Cross-monitoring: Design safety mechanisms to monitor each other. If safety mechanism A monitors component X, add a check that periodically verifies safety mechanism A itself is operational.

Probabilistic Metric for Random Hardware Failures (PMHF)

The PMHF takes a different approach from SPFM and LFM. Instead of measuring coverage percentages, it calculates the actual probability of a dangerous failure occurring over the vehicle's lifetime.

In plain language: How many times per billion hours of operation will your system experience a dangerous failure that is not detected by any safety mechanism?

ASIL targets:
- ASIL B: < 10^-7 / hour
- ASIL C: < 10^-7 / hour
- ASIL D: < 10^-8 / hour

The PMHF calculation requires detailed failure rate data for every component in the safety-relevant hardware. This data comes from reliability databases (SN 29500, IEC TR 62380, MIL-HDBK-217) and must be applied at the failure mode level — not just the component level.

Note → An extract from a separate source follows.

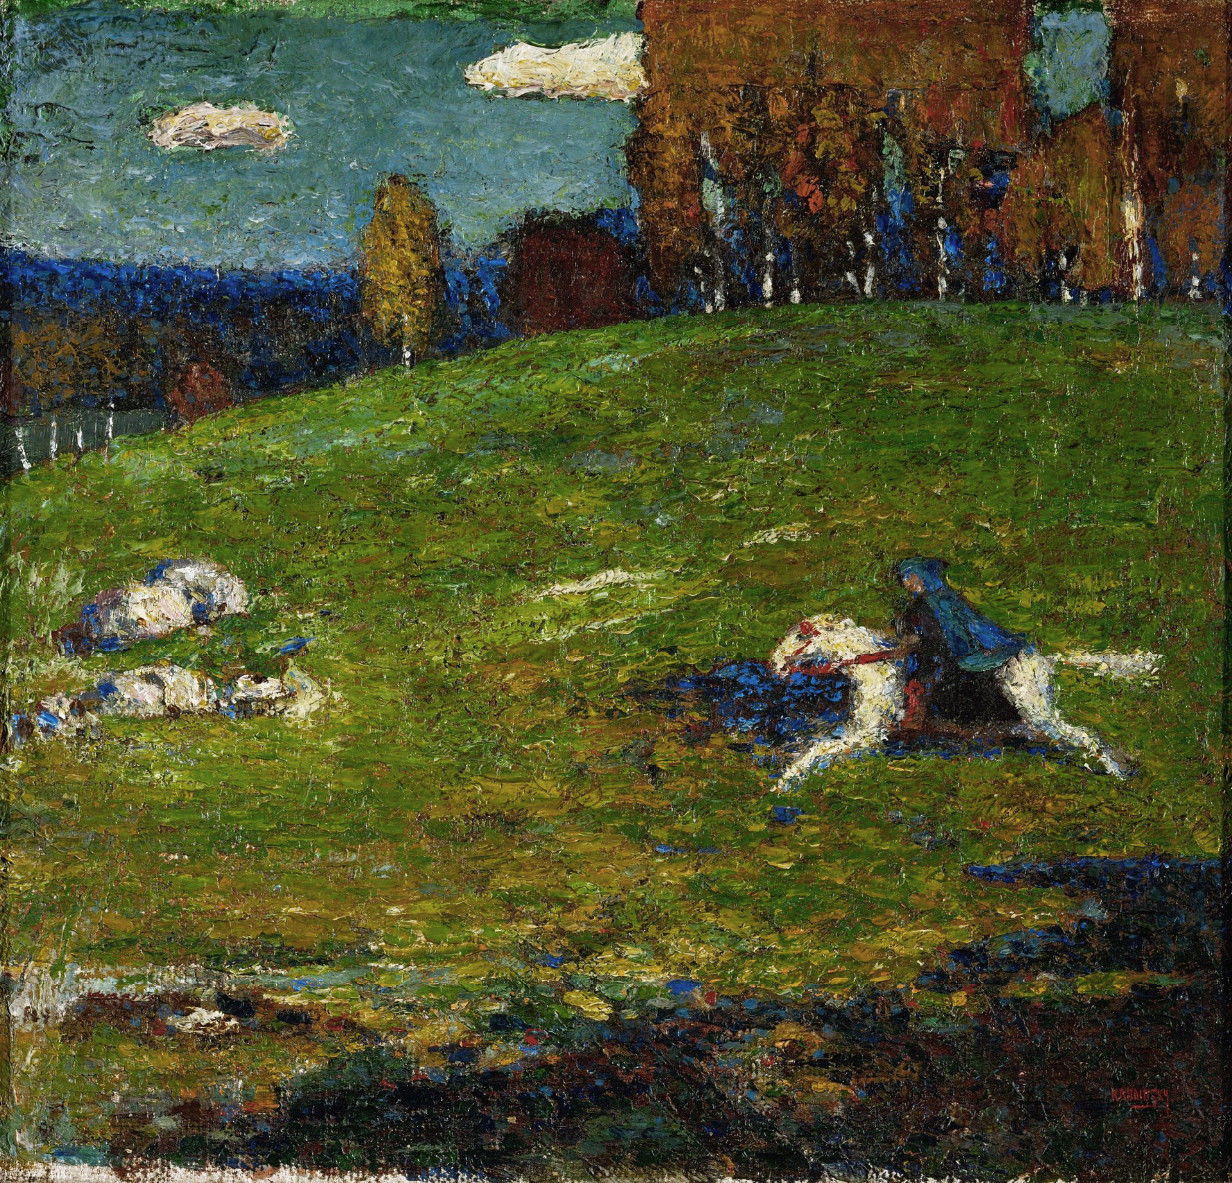 Comienzos del expresionismo, Der Blaue Reiter van de painterWassily Kandinsky, 1903

The Traceability Imperative

Achieving these metrics is an engineering challenge. Proving that you've achieved them is a documentation challenge. The ISO 26262 assessor will want to see:

- A complete list of all safety-related hardware elements
- Failure mode and effects analysis (FMEA) for each element
- Identification of every safety mechanism and its diagnostic coverage
- Quantitative calculations for SPFM, LFM, and PMHF
- Traceability from safety requirements to safety mechanisms to hardware design features

This traceability chain must be maintained throughout the development process and updated every time the hardware design changes. In a design with hundreds of components and dozens of safety mechanisms, manual traceability is impractical. Graph-based traceability platforms that automatically maintain the relationships between safety requirements, safety mechanisms, and hardware elements are becoming essential tools for ISO 26262 compliance.

Building Safety In, Not Bolting It On

The most important lesson of ISO 26262 hardware metrics is that safety must be designed in from the beginning, not analyzed after the fact. Teams that design their hardware first and then calculate the metrics invariably discover gaps that require expensive redesigns.

Instead, use the metric targets as design constraints from day one. When selecting a microcontroller, evaluate its self-test capabilities. When designing a sensor interface, plan the diagnostic coverage from the schematic stage. When laying out the PCB, consider the testability of safety mechanisms.

Safety is not an obstacle to innovation. It is a design discipline that, when practiced well, produces better products.